Apesar do corpo perfeito, os passos são lentos. Parece pensar em cada movimento e demora para descer os degraus de madeira da escada de casa. O marido já está dentro do carro, esperando por ela e gritando seu nome. O seu mundo vagaroso não conflita com a pressa dele. Depois de se sentar no banco do passageiro, os dois se olham e se entendem. Nenhuma palavra. Nenhuma cobrança. Ele dá a partida e ela gira a manivela para abrir a janela, bagunçando o cabelo curto e encaracolado na viagem de cinco minutos.
O casal de vizinhos fazendeiros, de meia idade, os recebe na porta da casa com teto enxaimel e de pintura nova, que dona Maria nem repara, mesmo com o cheiro forte da tinta. Após os cumprimentos, ela logo sugere uma caminhada pela propriedade. Primeiro quer saciar a vontade de ver os animais. Depois gasta o resto da energia para se socializar com os humanos. Avista o curral e faz seu caminho, enquanto o marido e os anfitriões a seguem, falando dos motivos por terem escolhido a cor azul para pintar a casa. Ela nem toma conhecimento.
Ao entrar no curral de madeira, dona Maria caminha pelo corredor central e observa as vacas e os cavalos nas baias até se deparar com o menor bezerro da fazenda. Mirradinho, o bicho branco com manchas pretas está deitado no canto. Apesar de ser meio-dia, o ambiente é escuro e ela se aproxima do animal. As patas traseiras estão ensanguentadas, pintando de vermelho o capim seco espalhado pelo chão de terra batida. O sangue dele não encontra outro caminho senão sair pelas feridas causadas por arranhões e mordidas de Átila, o fila da propriedade. O corpo exausto do bezerro tenta reagir ao ferimento, mas a pouca energia não o permite nem abrir os olhos. Até mesmo o rabo está parado, sem movimento, mesmo com a grande quantidade de moscas pousadas em suas ancas.
Pergunta onde está a mãe do pequeno bezerro. A anfitriã responde que está solta no pasto. Sem entender o motivo da distância, dona Maria vê o pobre animal sucumbir, enquanto os três discutem sobre eutanásia.
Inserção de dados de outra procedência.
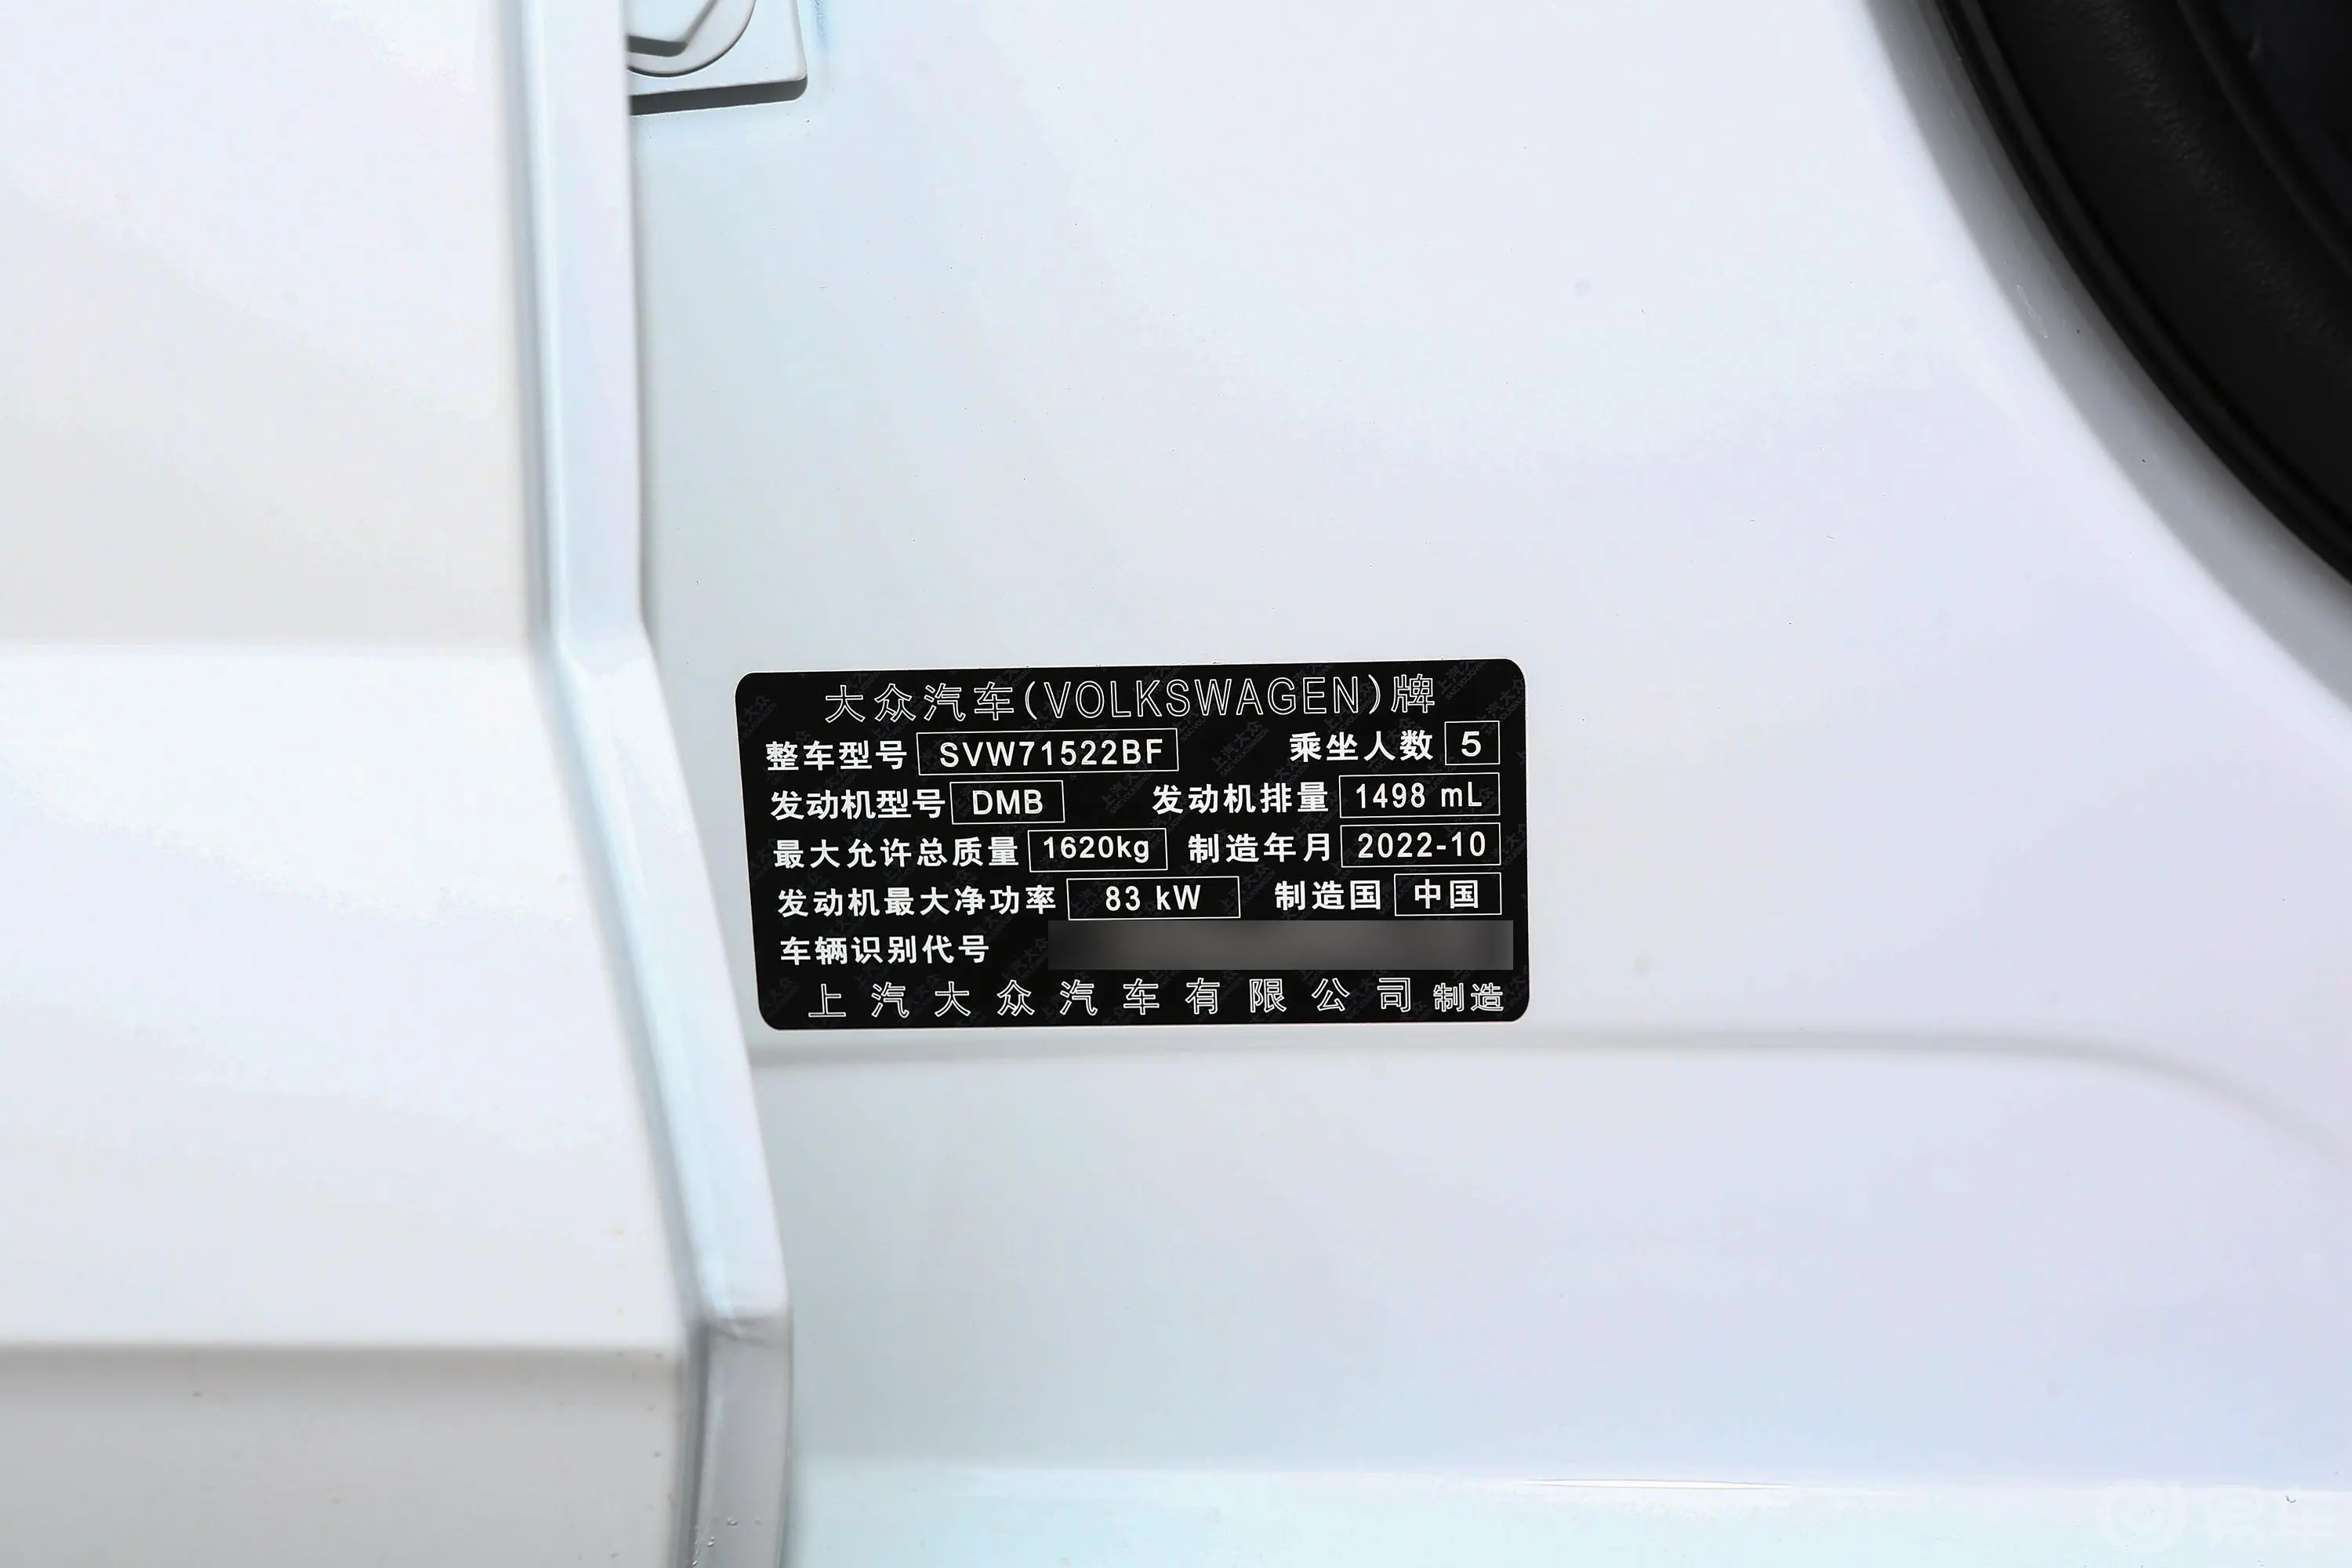 PoloPlus 1.5L 自动纵情乐活版车辆信息铭牌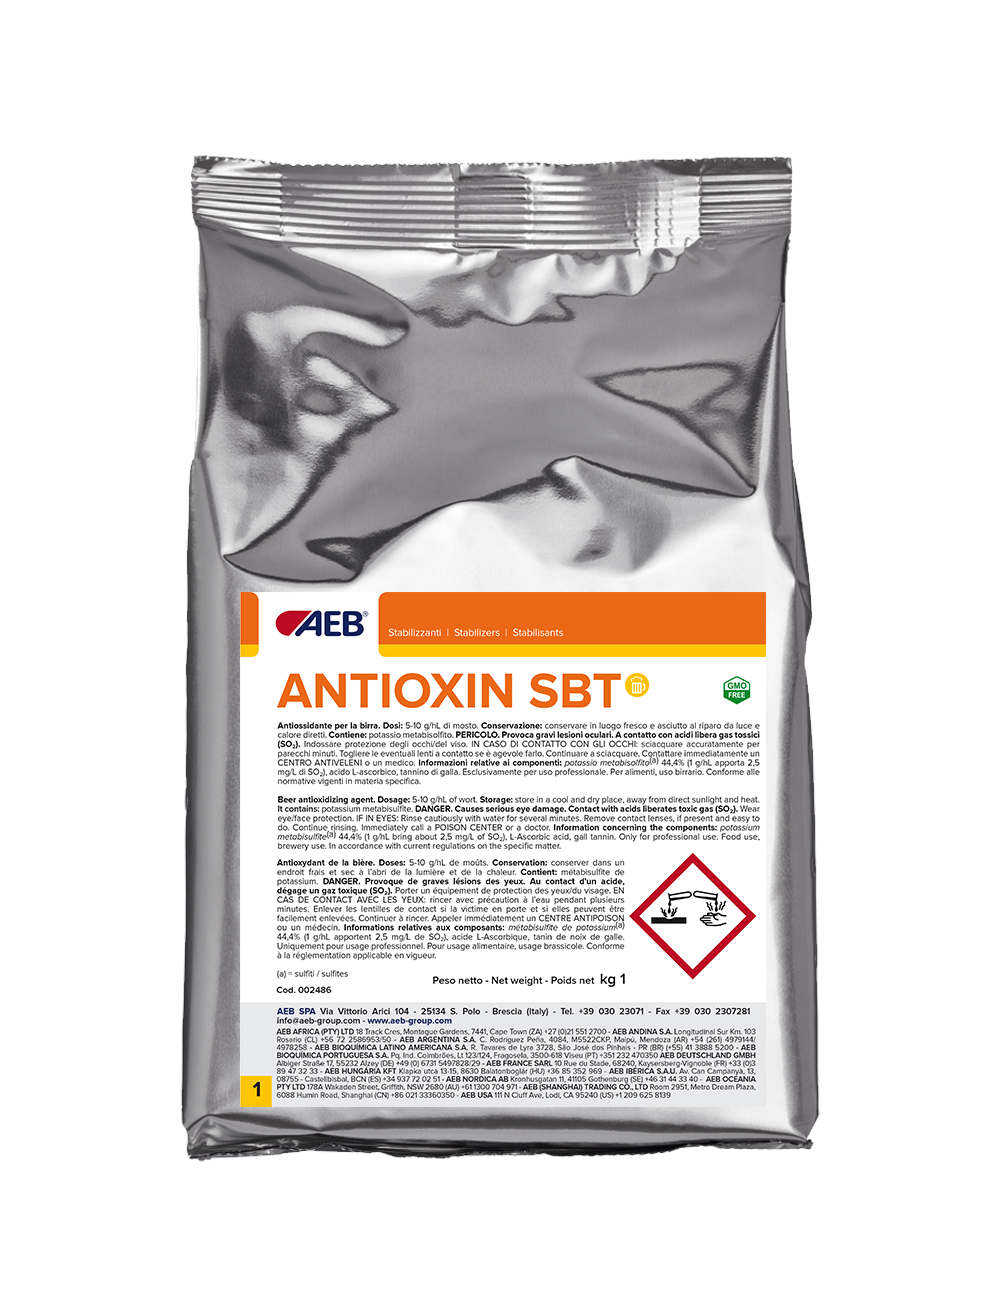 Антиокислитель Антиоксин СБТ (Antioxin SBT)

Depois de agonizar a manhã toda, o bezerro morre ouvindo que não teve a proteção materna adequada, que a vaca não defendeu a própria cria, que a lei da natureza é assim mesmo. Para Dona Maria, não há ofensa maior do que culpar uma mãe seja por qual motivo for.
Ela tenta comentar alguma coisa, mas logo é interrompida pelo anfitrião, que pouco se importa com o bezerro e acha o cachorro um caçador implacável e muito útil para os serviços da fazenda. Ninguém fala em educar o Átila. Nenhum pio sobre separar os animais. Dona Maria entende que eles querem a selvageria mesmo que às custas de uma vida tão inocente. Para ela, isso não foi uma fatalidade. Sacode as mãos para espantar as moscas que voam perto do seu rosto, se vira para a porta do curral e enxerga um machado pendurado na parede.
O coração de dona Maria dispara sangue para todo o corpo e as veias latejam. Percebe todos os seus órgãos vivos, mesmo que fora do ritmo habitual. O corpo trabalha mais rápido sentindo a seiva nos pés. Está na hora de a semente brotar. Sem dizer nada, pega o machado, vai até o canil e o crava na cabeça de Átila. A cadência peculiar do seu organismo não lhe causa constrangimento nem intimidação. Não quer entender o que aconteceu. Não se importa se matou o cachorro com tanta violência. Se seus filhos estivessem por perto, os defenderia assim. Com as mãos pintadas de vermelho, dona Maria se sente mais forte do que nunca.